DataHub is LinkedIn’s generalized metadata search & discovery tool. To learn more about DataHub, check out our LinkedIn blog post and Strata presentation. You should also visit DataHub Architecture to get a better understanding of how DataHub is implemented and DataHub Onboarding Guide to understand how to extend DataHub for your own use case.
In general, Datahub has two types of users in mind. One has metadata, and use tools provided by Datahub to ingest metadata into Datahub; The other is to use Datahub to discover metadatas available within Datahub. Datahub provides intuitive UI, full text search capablitity, and graph relationship presentation to make the metadata discover and understanding much eaiser.
The following sequence diagram highlights the key features Datahub has, and how the two types of users - metadata ingestion engineers and metadata discover users, can take full advantage of the Datahub.

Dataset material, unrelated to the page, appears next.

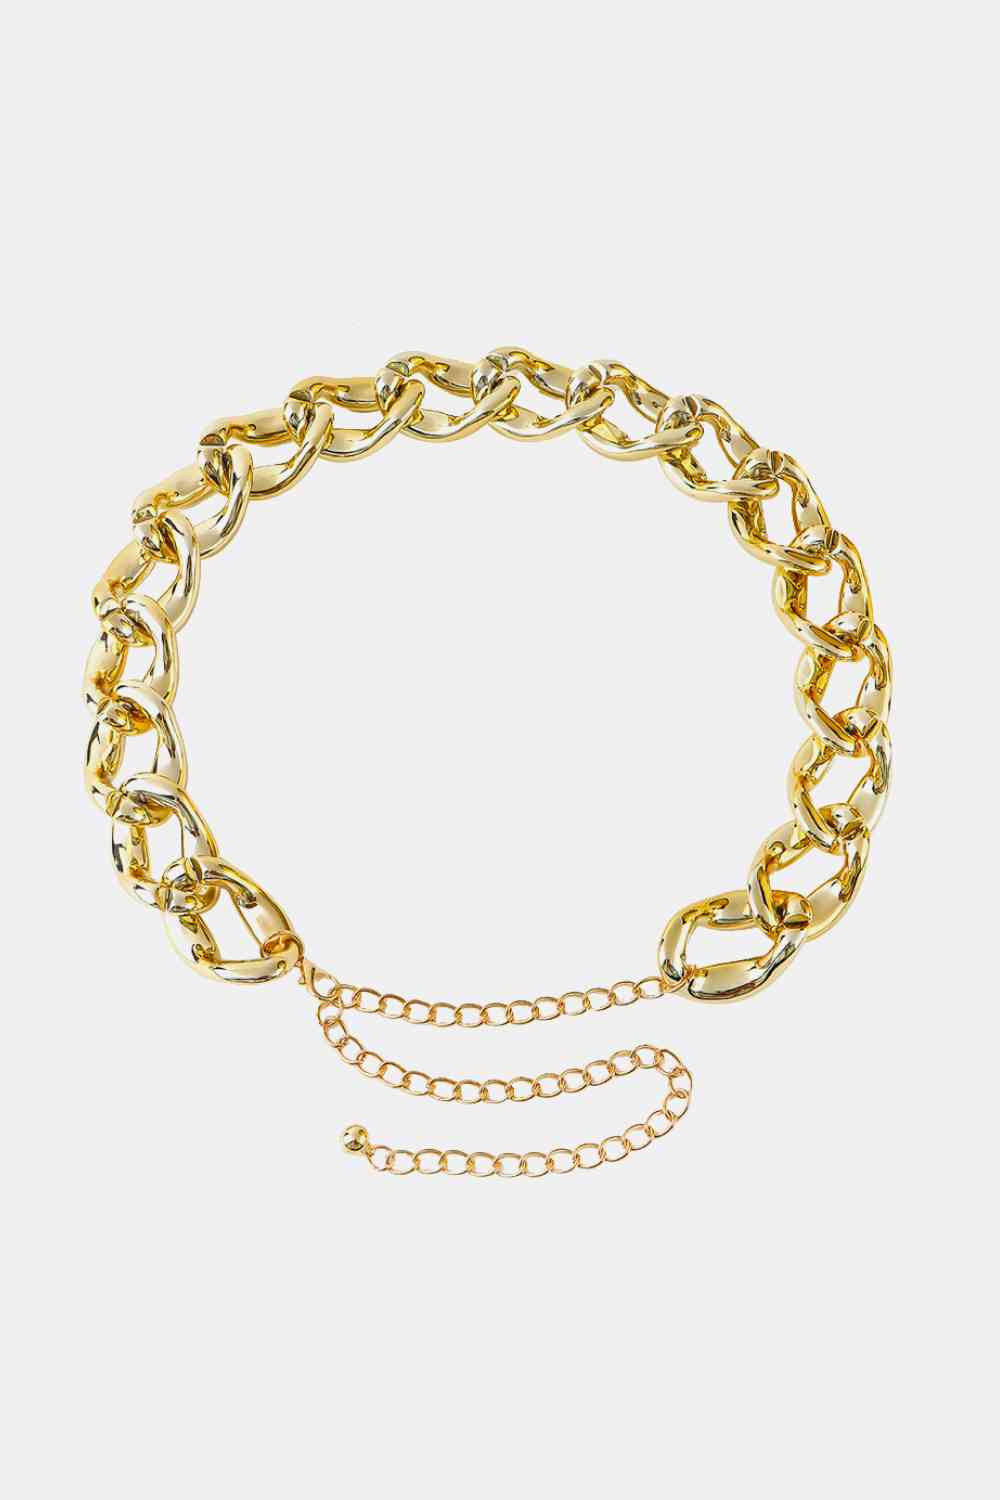 A shiny gold chain belt with large, interlocking links. It features an adjustable clasp with an extender chain and a small dangling charm at the end. This trendy fashion accessory, displayed on a plain white background, boasts bold acrylic links for a modern twist. The Acrylic Curb Chain Belt from Marianela's Exclusive Shop, LLC is perfect for adding a touch of elegance to any outfit.

- It starts with ingesting your metadata into datahub. We provide a collection of sample Python scripts for you. Those scripts work with the popular relationship databases, find metadata of the data source, and publish metadata in Avro data format to MetadataChangeEvent(MCE) Kafka topic.
- A MetadataChangeEvent (MCE) processor consumes Kafka message with given topic, and make necessary transformation, send to Generalized Metadata Service (GMS), and GMS persists the metadata to a relational database of your choice. Currently we support MySQL, PostgreSQL and MariaDB.
- GMS also checks the received metadata to find out whether there is a previous version. If so, it will publish the difference to Kafka’s MetadataAuditEvent (MAE) topic.
- MAE processor consumes MetadataAuditEvent message from Kafka, and persist to Neo4j & Elastic Search (ES).
- The frontend of Datahub talks to the metadata restful API services of GMS. The metadata discovering users can browse, search metadatas, get the details of metadata such as the owner, the lineage and other customer tags.